Welcome to You Ask Andy

Derek Stevenson, age 10, of St. Catharines) Ontario, Canada, for his question:

What exactly is chlorophyll?

Chlorophyll colors our summer lawns and grassy meadows. It adds special tints of blue green or gray green, golden green or green green to each of the different plants. It works with the beaming sun to create basic food for the plant world and the plant world feeds the animal world. Chlorophyll also provides the breathable oxygen for all the plants and animals.

Ecology explains how all the plants and animals in a neighborhood depend upon each other to keep going. However, all of them also need a few global supplies, such as water, breathable air and a certain amount of warm sunshine. The earth provides the air; chlorophyll makes it breathable. The sun provides the warmth; chlorophyll uses its energy to feed all living things upon the earth.

The study of chlorophyll takes us down to the miniworld of atoms, molecules and busy little bodies too small for our eyes to see. The place to look for it is inside any green leaf. For chlorophyll is the gorgeous greenery of the thriving plant world.

Its busy little bodies are called chloroplasts, and it takes about 100 of these little flat disks to measure an inch. Inside the plant cells they crowd in jellified cytoplasm, and the chlorophyll extracted from a leaf is a green liquid. Each cell contains one or more chloroplasts. But scientists estimate that in the teeming cells of an average elm leaf there may be 1 billion of these busy little green bodies.

Through the daylight hours, chlorophyll uses energy from sunlight to convert water and gaseous carbon dioxide into basic sugary plant food. This miraculous sunshine recipe is called photosynthesis  and until quite recently nobody really knew the secrets of this magic recipe, though everyone knew that it provides oxygen and basic plant food on a global scale.
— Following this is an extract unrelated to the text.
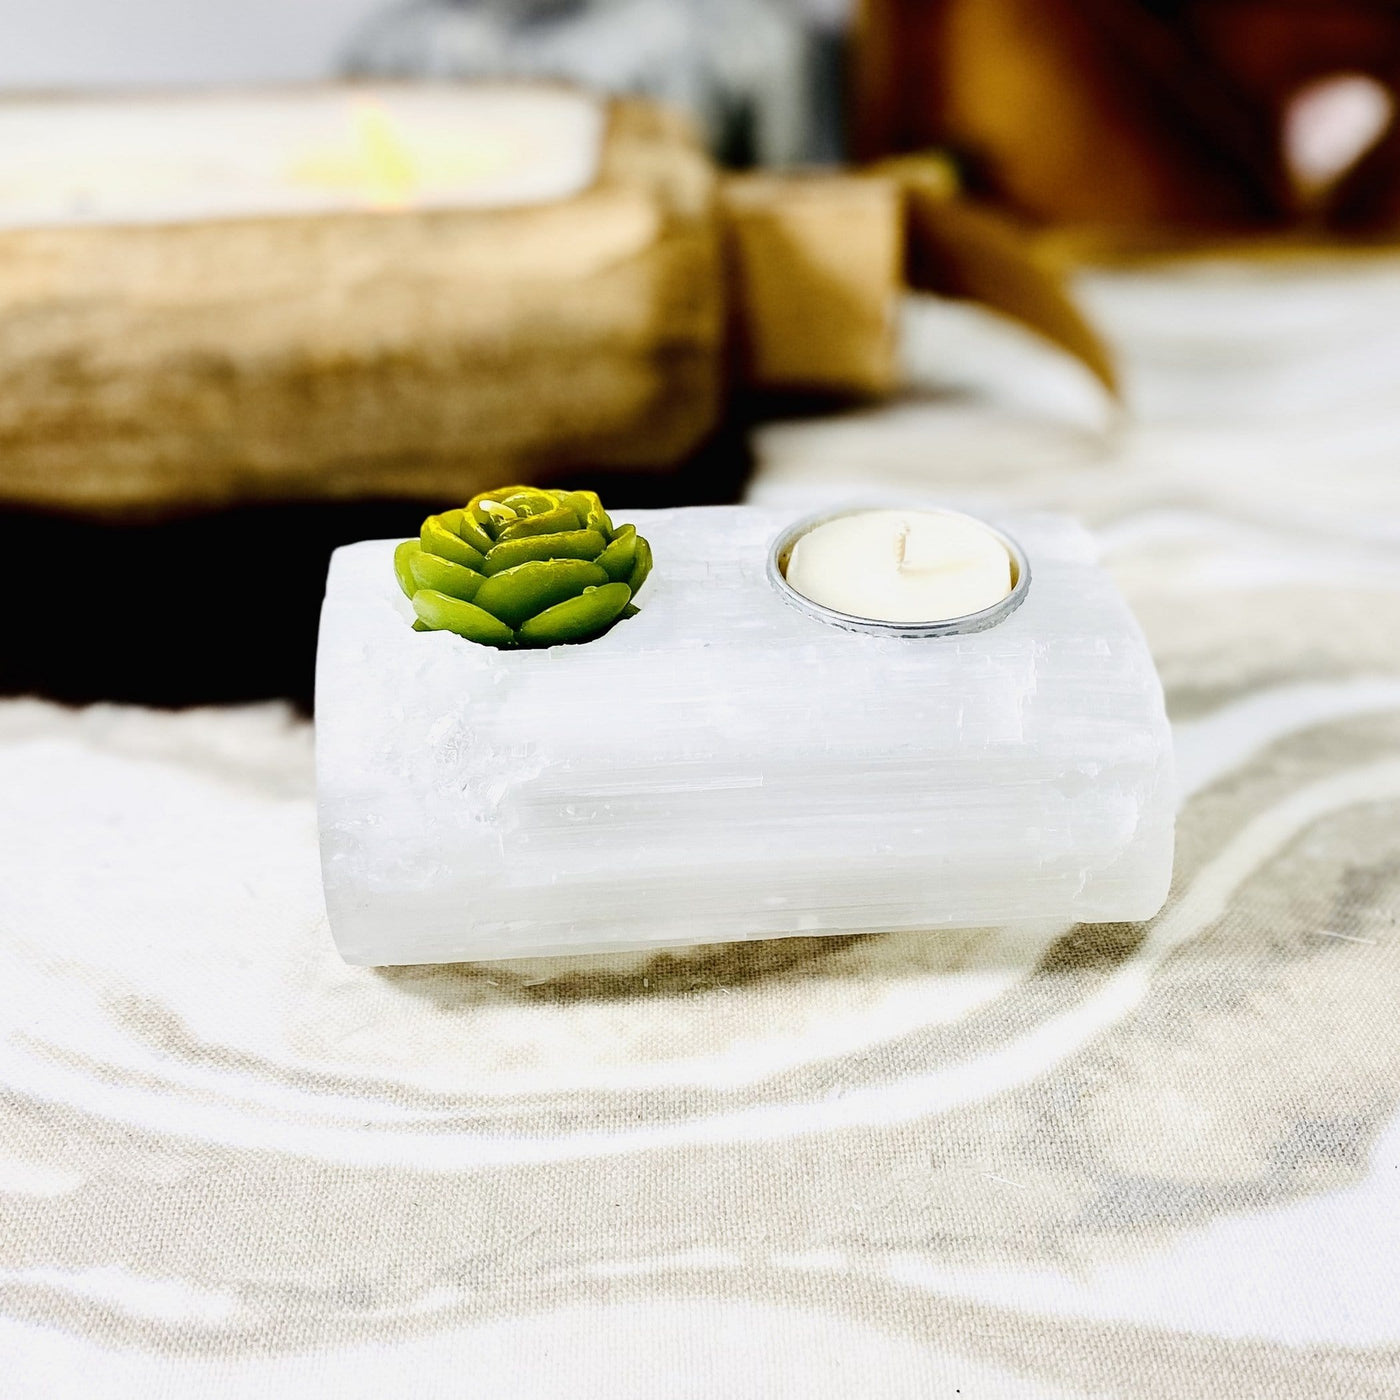 selenite log candle holder on display with candles (not included with purchase)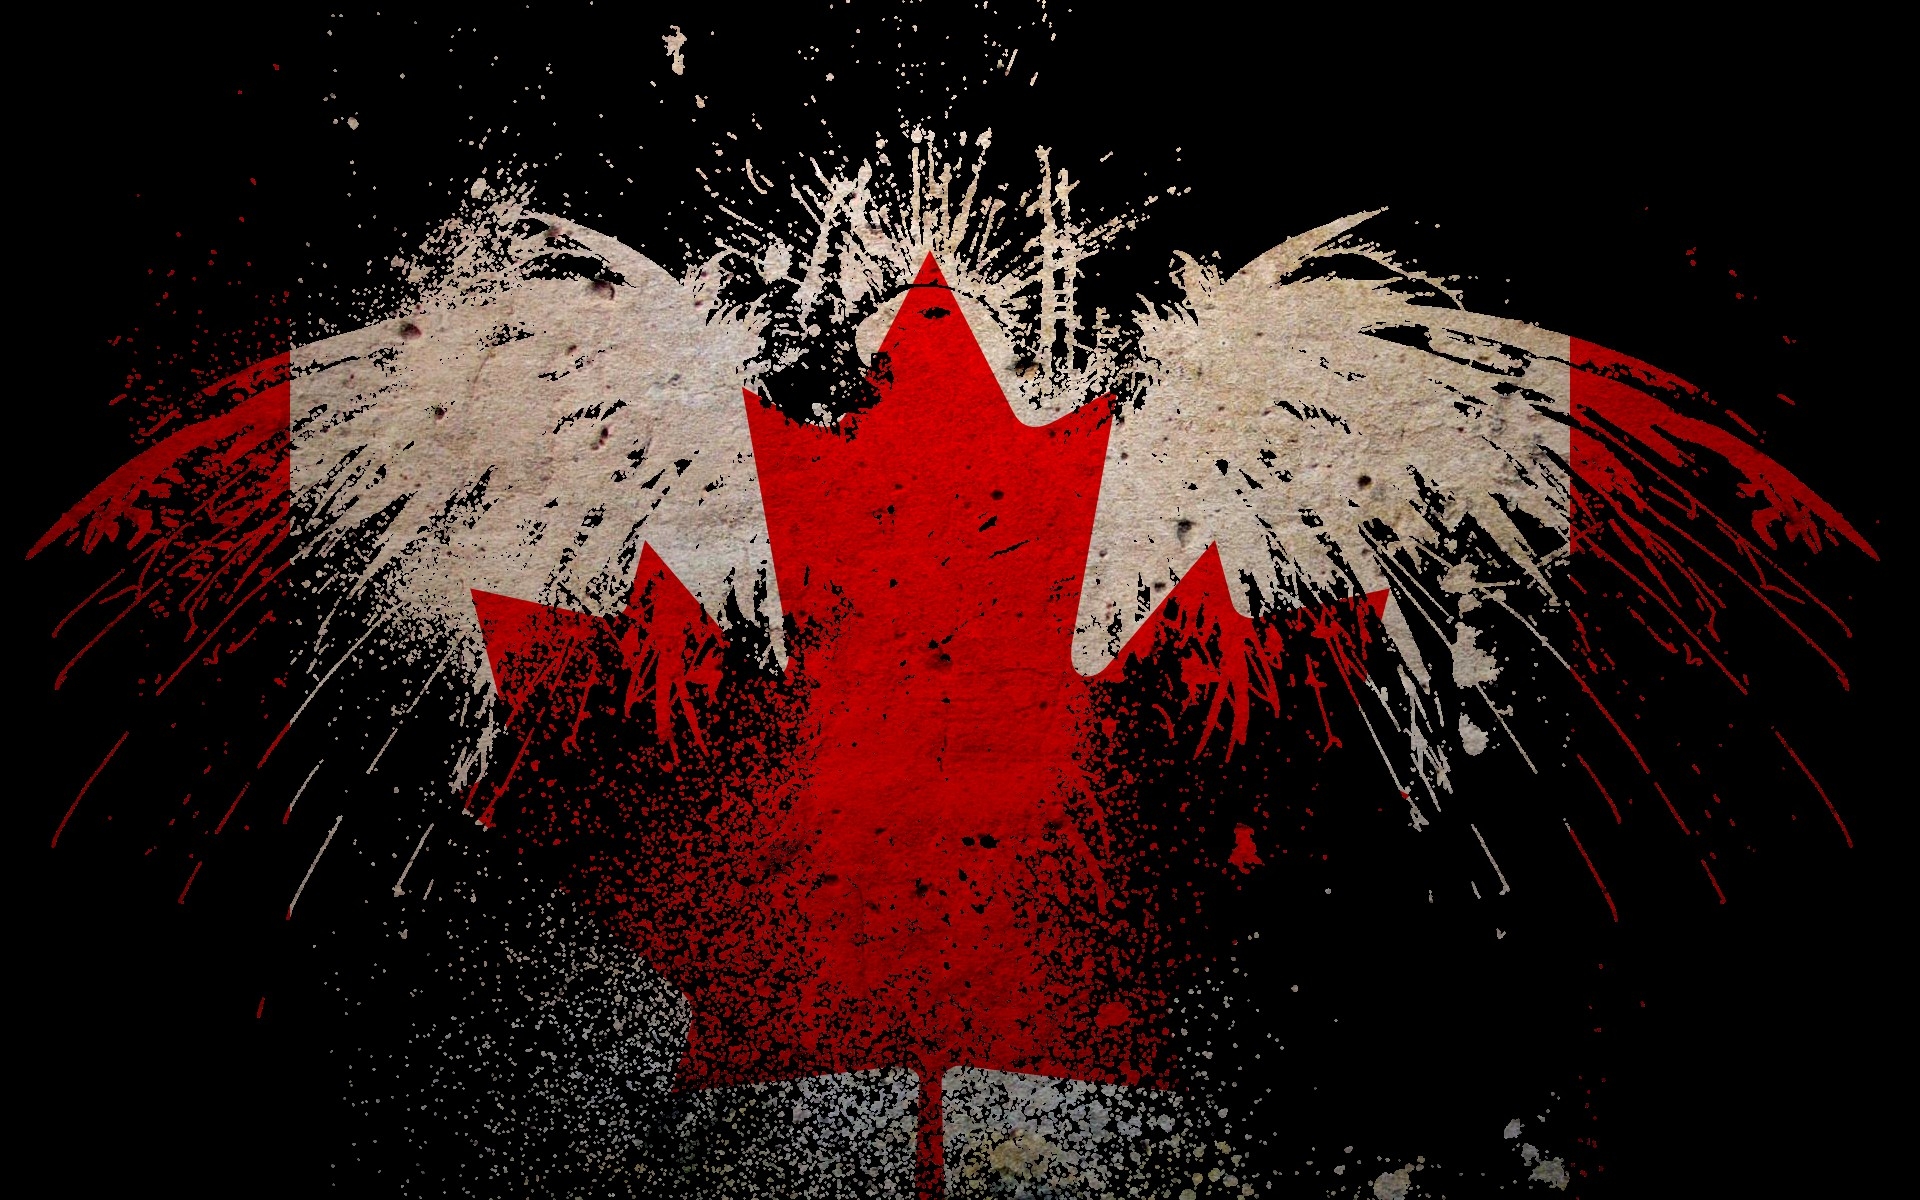 eagles canada flags black background 1920x1200 wallpaper High Quality Wallpaper, High Definition Wallpaper

The plants use dissolved chemicals from the soil, plus sugar produced by chlorophyll, to create the thousands of different substances they need to grow and multiply. Most animals feed on plant food, and meat eating animals dine on the plant eaters.

Photosynthesis uses up the waste carbon dioxide that all living things breathe out. During the complicated sugar¬ making recipe, it gives off oxygen as a waste product. On a sunlit day, the forests pour countless tons of breathable oxygen into the air  and the breezes waft it around and around the globe.

Chlorophyll molecules are packages of atoms of carbon and hydrogen, nitrogen, oxygen and magnesium. They are similar to the molecules that color our red blood cells. In many ways they are quite different. But both chlorophyll and red blood perform chemical switches with oxygen and carbon dioxide.